Teman punya pekerjaan dengan penghasilan yang tampaknya jauh lebih besar.

Di media sosial, hampir setiap hari kita disuguhi pencapaian orang lain.


Lalu tanpa sadar, kita mulai menghitung hidup sendiri dengan menggunakan penggaris milik orang lain.


Padahal, mungkin kita tidak sedang gagal.


Kita hanya sedang menjalani perlombaan yang berbeda.


Ada orang yang merasa bahagia ketika berhasil mengumpulkan banyak hal. Ada pula yang merasa cukup ketika kebutuhan keluarganya terpenuhi, masih punya waktu bersama anak-anak, bisa mengajar, belajar, beribadah, membantu orang lain, dan pulang ke rumah dengan hati yang tenang.


Tidak ada kewajiban bahwa semua orang harus mengejar definisi keberhasilan yang sama.


Boleh kagum, tidak harus minder


Jujur saja, kita manusia.


Melihat orang punya rumah bagus, kendaraan bagus, pakaian bagus, atau bisa bepergian ke tempat-tempat yang kita inginkan, tentu sesekali bisa membuat hati ikut bergoyang.


Tidak perlu sok kebal.


Tidak perlu mengatakan, “Ah, aku nggak butuh semua itu,” kalau sebenarnya kita juga menginginkannya.


Kita boleh mengakui:


“Iya, bagus. Aku juga suka.”


Yang perlu dilatih bukan menjadi manusia yang tidak pernah iri, tetapi menjadi manusia yang tidak menjadikan milik orang lain sebagai ukuran harga dirinya sendiri.

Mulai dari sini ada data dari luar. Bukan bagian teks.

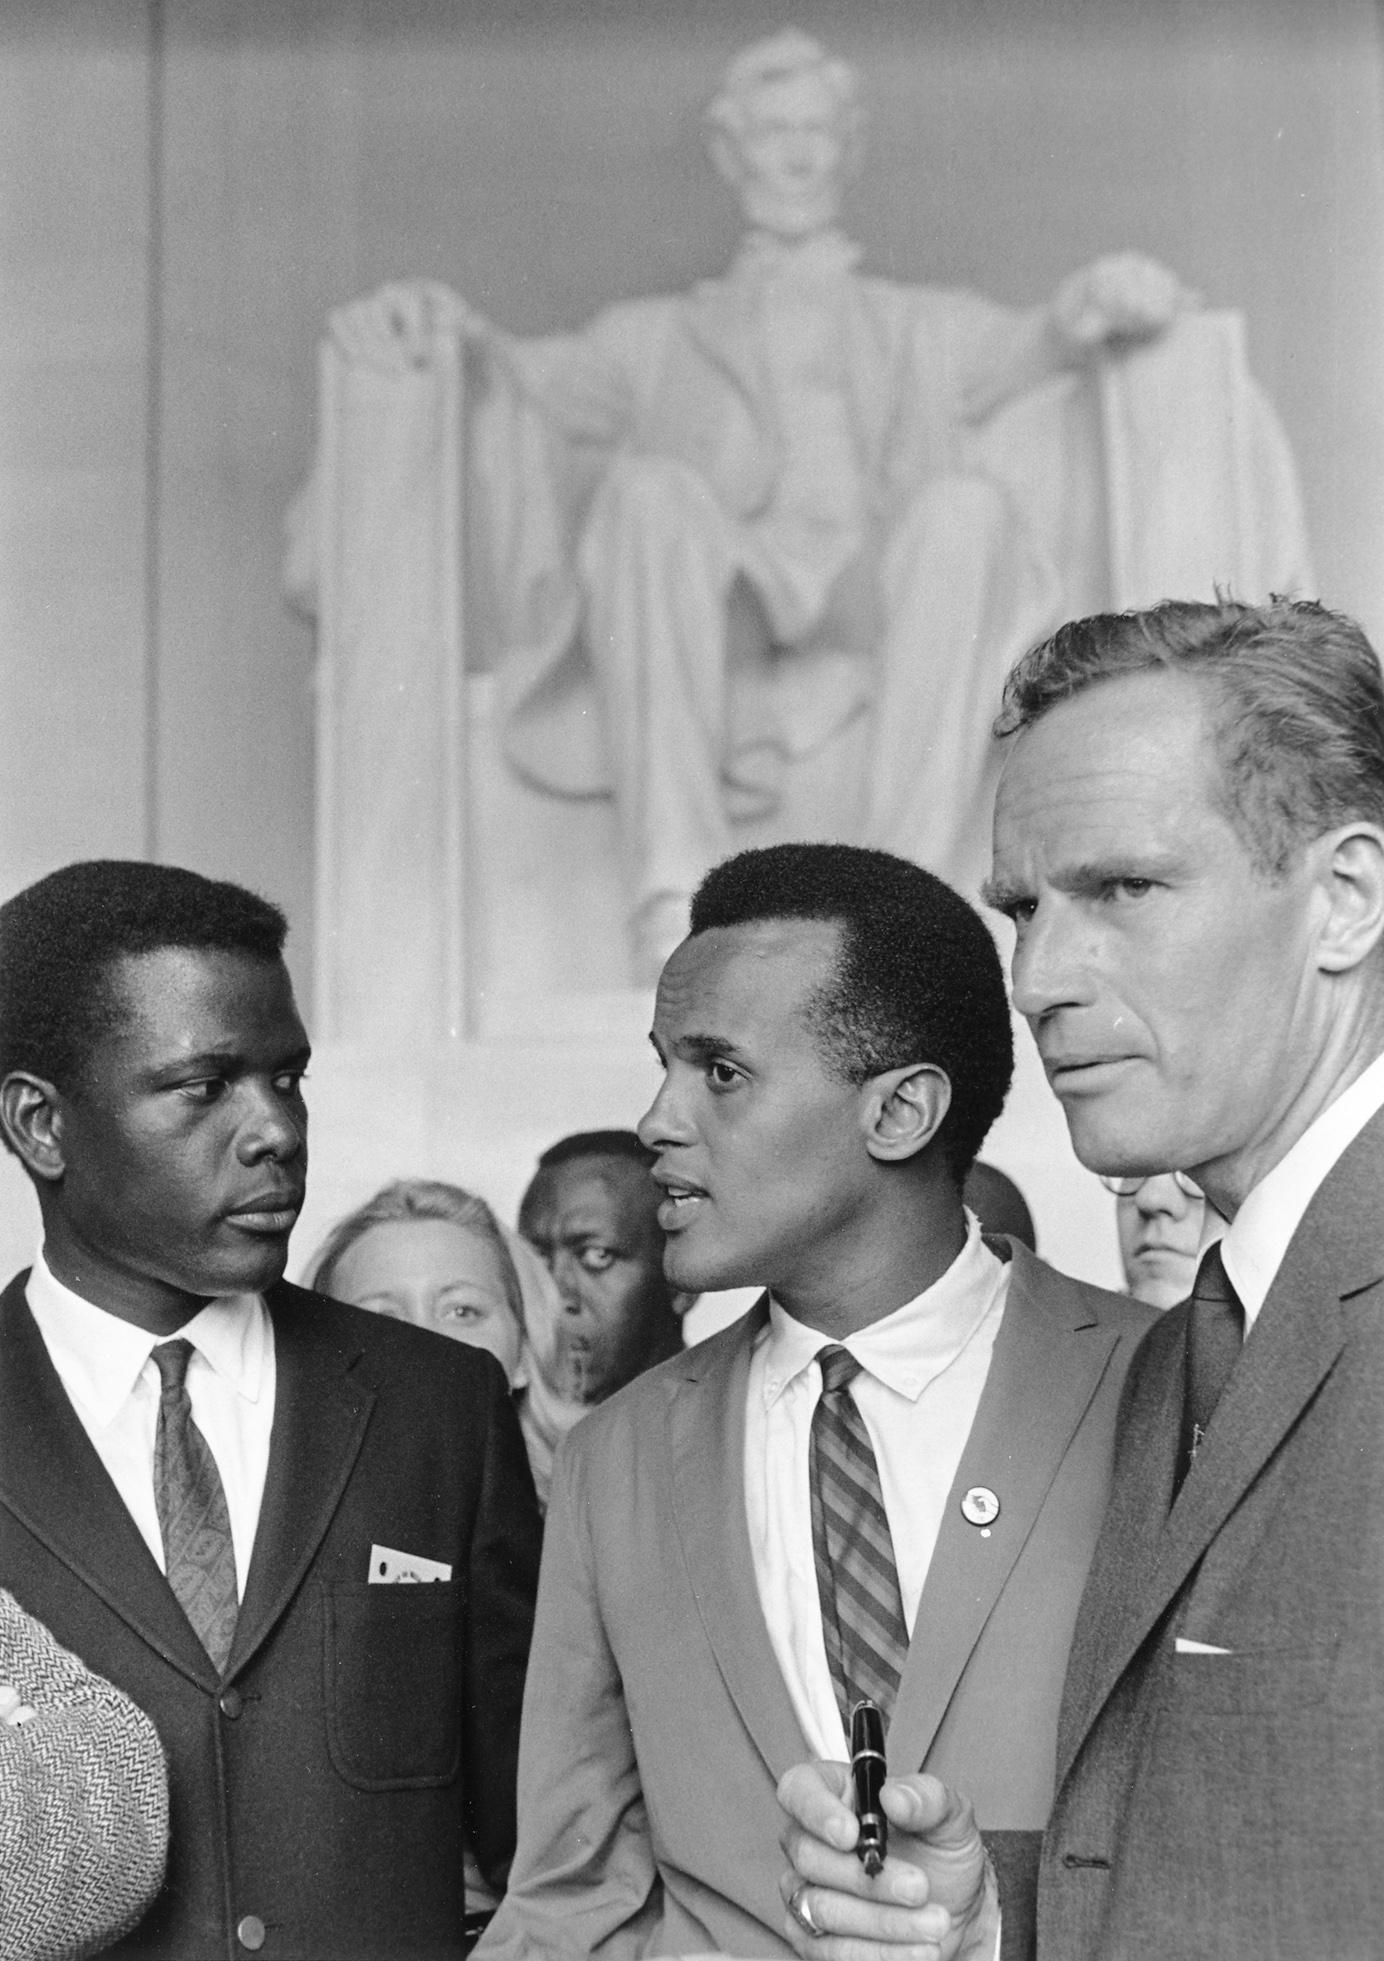 Poitier_Belafonte_Heston_Civil_Rights_March_1963_medium_square.jpg
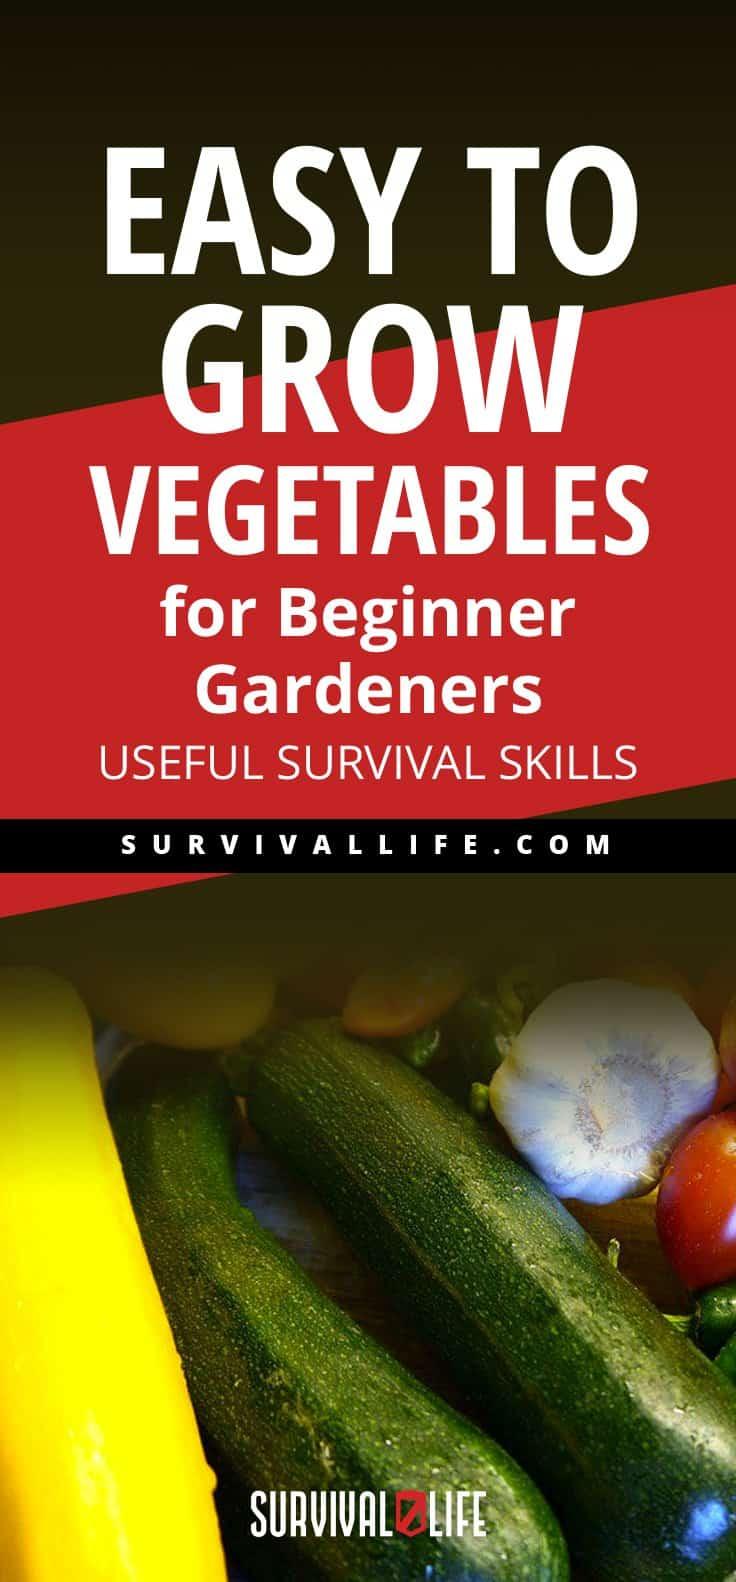 Easy To Grow Vegetables For Beginner Gardeners | Useful Survival Skills

Orang lain punya mobil bagus:


“Masya Allah, bagus ya.”


Bukan:


“Berarti hidupku kalah.”


Orang lain punya rumah besar:


“Alhamdulillah, rezekinya.”


Bukan:


“Kenapa hidupku tidak seperti dia?”


Orang lain mampu membeli banyak hal:


“Itu rezeki dan pilihan hidupnya.”


Lalu kita kembali bertanya kepada diri sendiri:


“Sebenarnya, apa yang aku butuhkan?”


Pertanyaan sederhana ini kadang jauh lebih menyelamatkan daripada berjam-jam melihat kehidupan orang lain di media sosial.


Mari definisikan ulang kata “cukup”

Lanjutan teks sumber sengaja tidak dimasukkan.